Last edited 22 Sep 2015

Scottish building standards sustainability labelling

In Scotland, ministers are responsible for making building standards (equivalent to the building regulations in England) and the associated technical guidance documents. Local authorities act as verifiers administering the building standards system, granting permissions (building warrants) and completion certificates. The main purpose of the standards is to ensure that buildings are safe, efficient and sustainable.

Proposals to introduce sustainability labelling to the Scottish Building Standards for all new buildings were developed by a construction industry working group and made available for public consultation in late 2010. They were induced on 1st of May 2011 by The Building (Scotland) Act.

The labelling system is described in Section 7 of the Scottish Building Standards Technical Handbooks. New buildings that meet the building standards are given a Bronze level label, whilst optional higher levels of sustainability can be given Silver, Gold and Platinum labels.

The labelling system can be used to demonstrate developers’ commitment to sustainability. It can also give planning authorities a mechanism for delivering their obligations under Section 72 of The Climate Change (Scotland) Act 2009 'Development plans: inclusion of greenhouse gas emissions policies'.

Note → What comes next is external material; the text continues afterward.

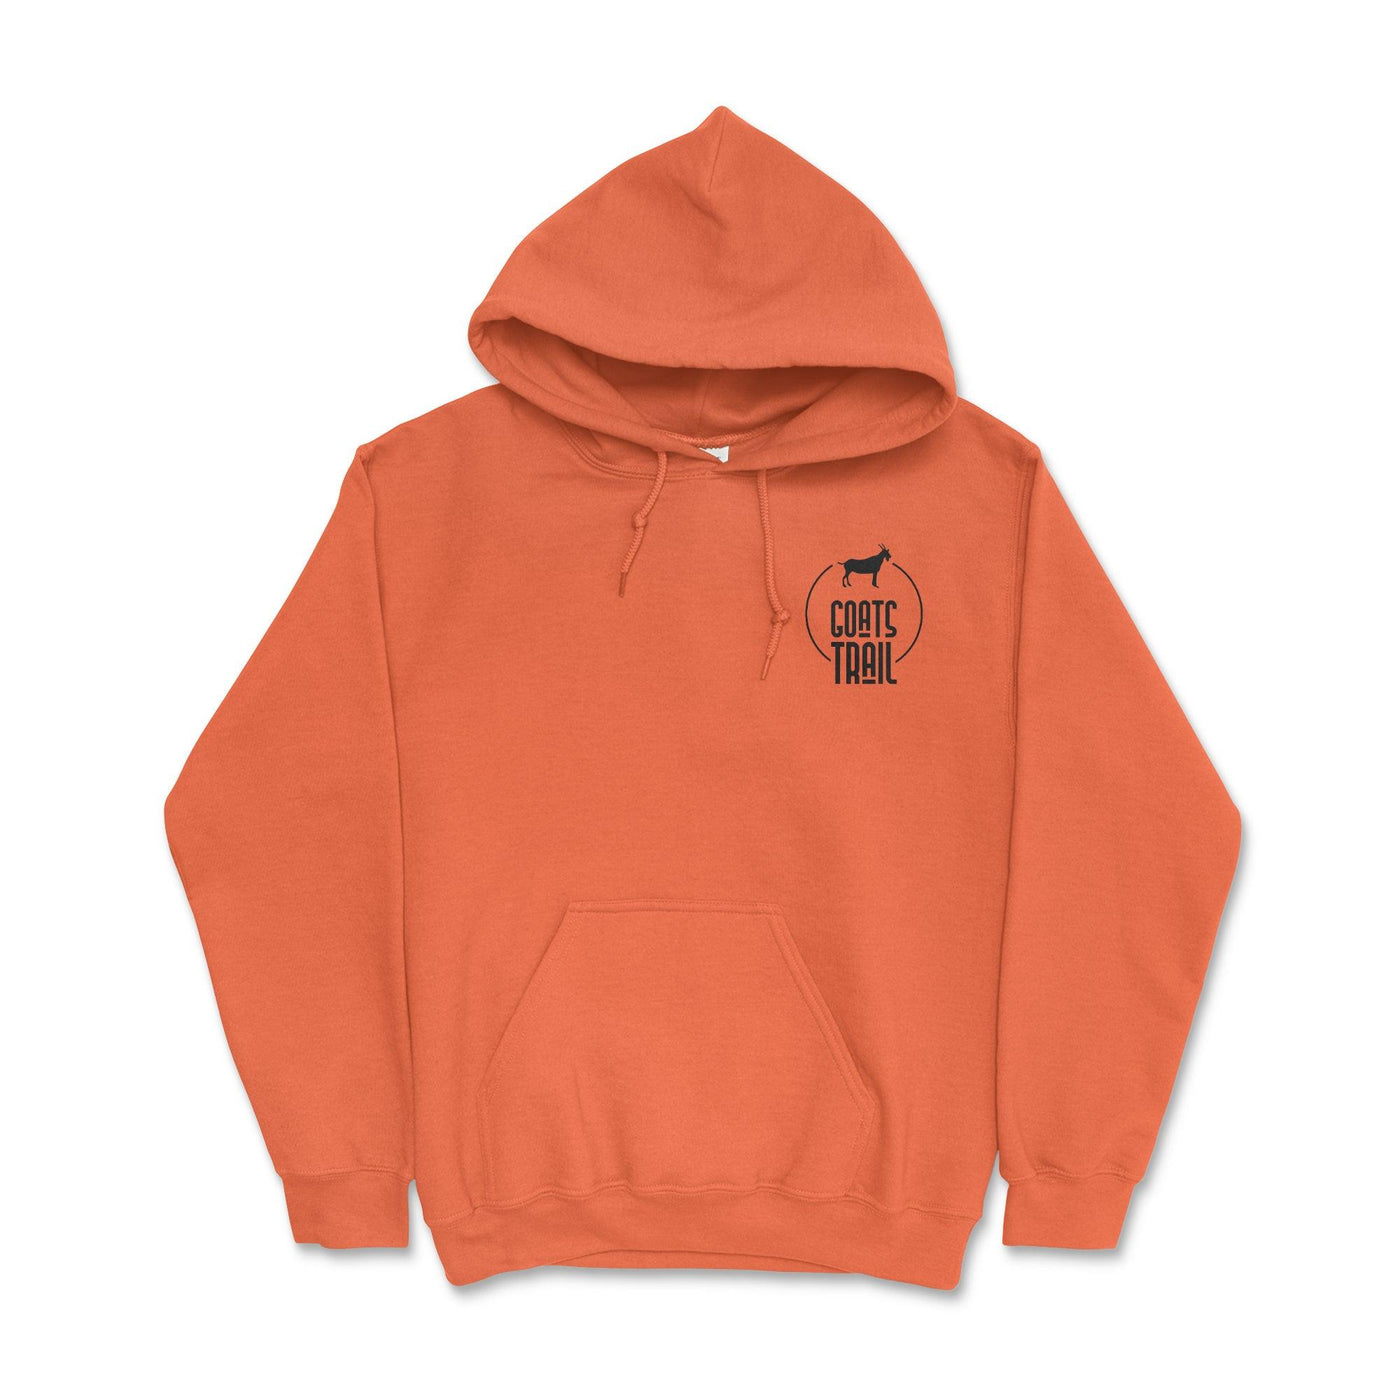 Live for Adventure Hoodie - Goats Trail

Aspects of development considered by the system include:

  • Resource use: including energy for space and water heating, CO2 emissions and water use.
  • Adaptability: providing dedicated spaces for home working, electric wheelchairs, prams or bicycles.
  • Occupant wellbeing: including enhanced noise insulation, increased natural light and improved security provisions.
  • Whether buildings incorporate low or zero-carbon generating technology (LZCGT).

The labelling system has been fully developed for domestic buildings, but as yet has only been partially developed for non-domestic buildings.